■ **Work to be completed**: Two lines in the listing below mark the span: one contains "Apple vinegar and" and one contains "graphic design image". Reproduce both of them and everything between, exactly.

■ **Records shown**:
-- -- --

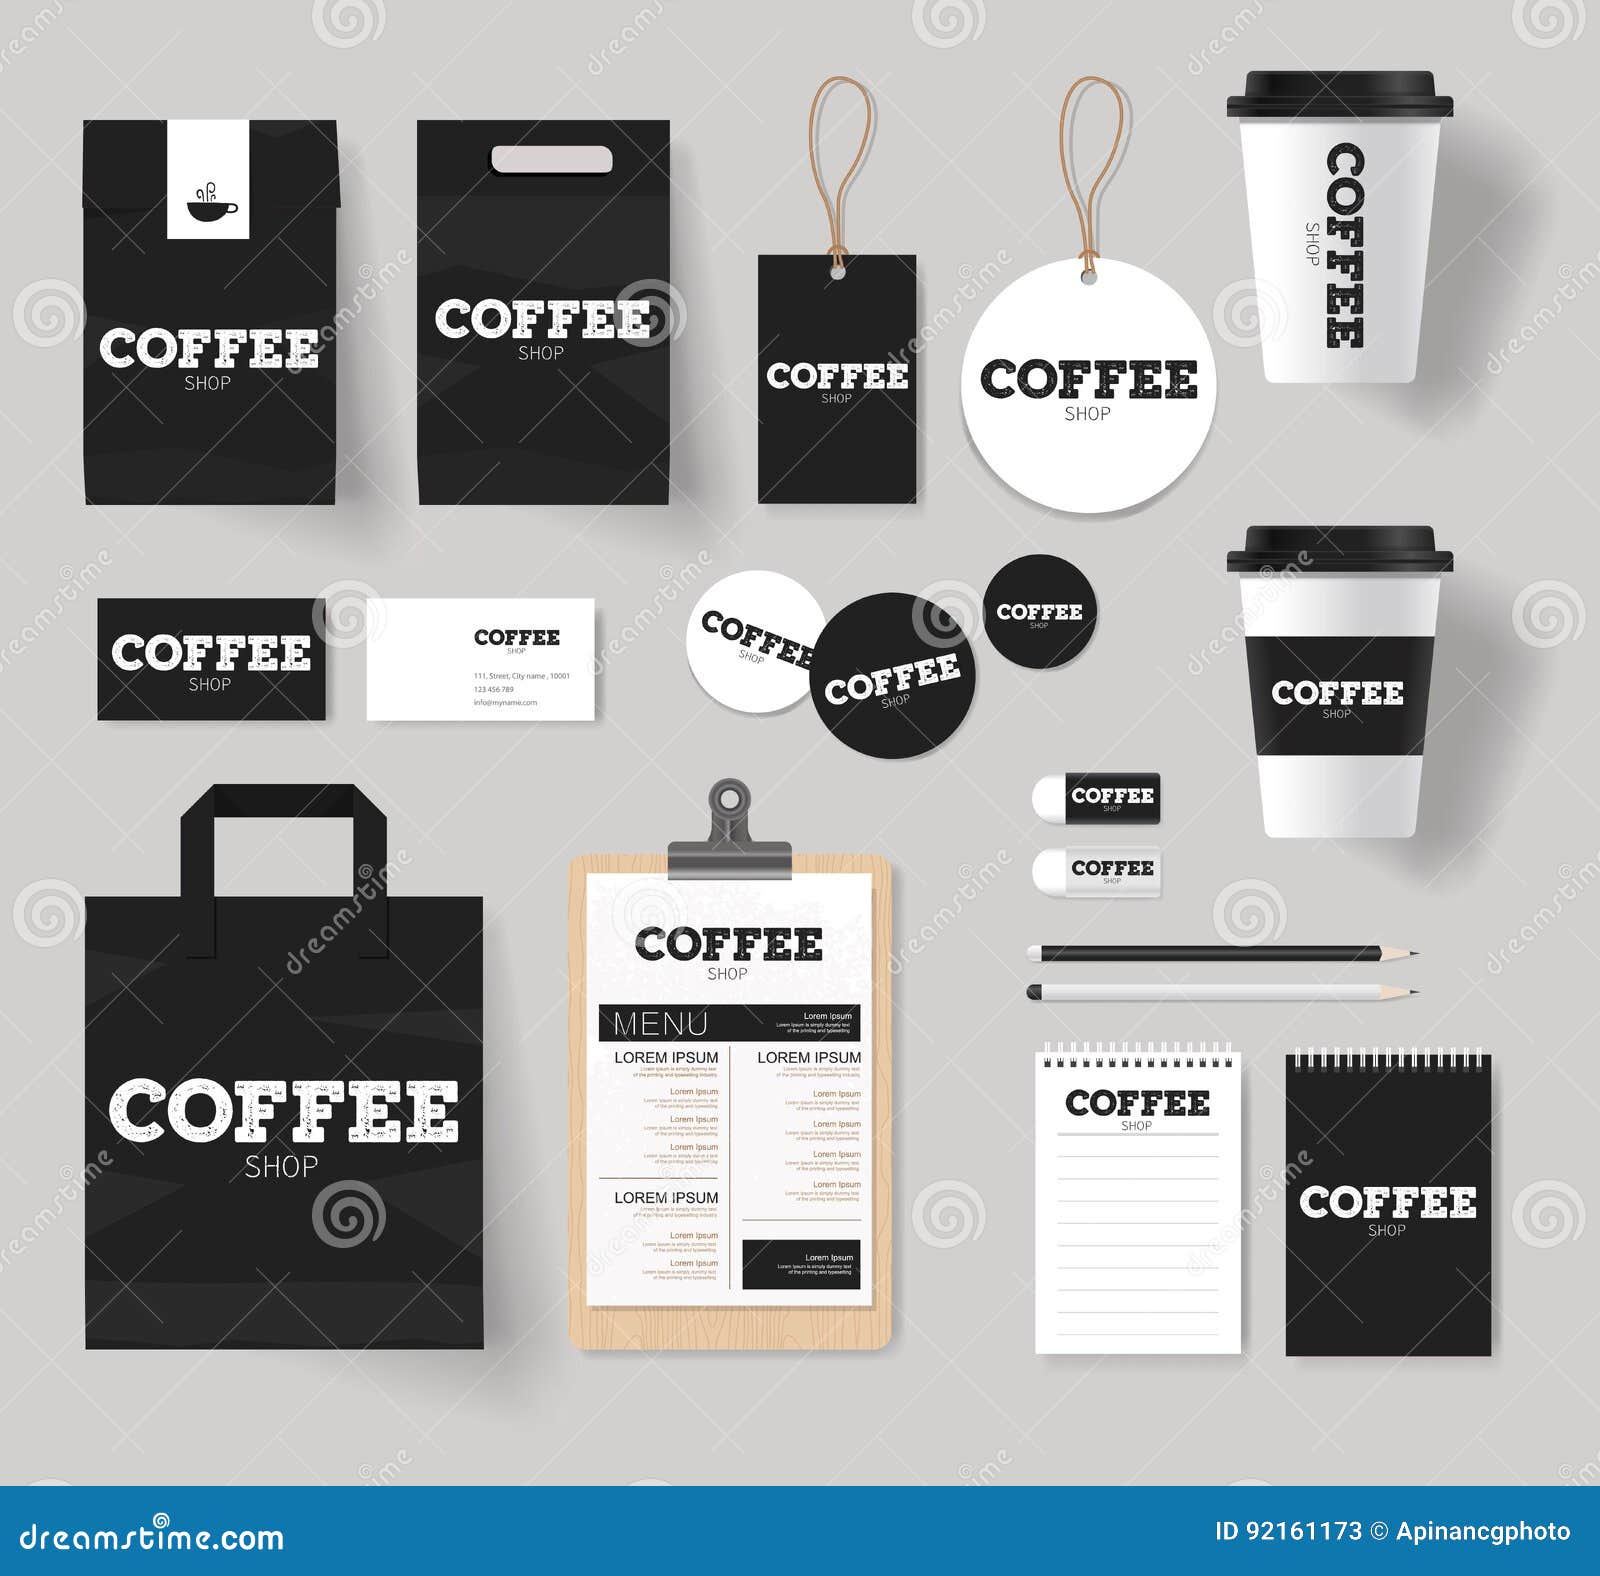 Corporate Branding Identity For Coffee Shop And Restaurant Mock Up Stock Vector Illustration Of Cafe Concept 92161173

-- -- --

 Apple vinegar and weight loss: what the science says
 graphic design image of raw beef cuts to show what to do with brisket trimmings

-- -- --

■ **Solved exercise**:
 Apple vinegar and weight loss: what the science says
 graphic design image of raw beef cuts to show what to do with brisket trimmings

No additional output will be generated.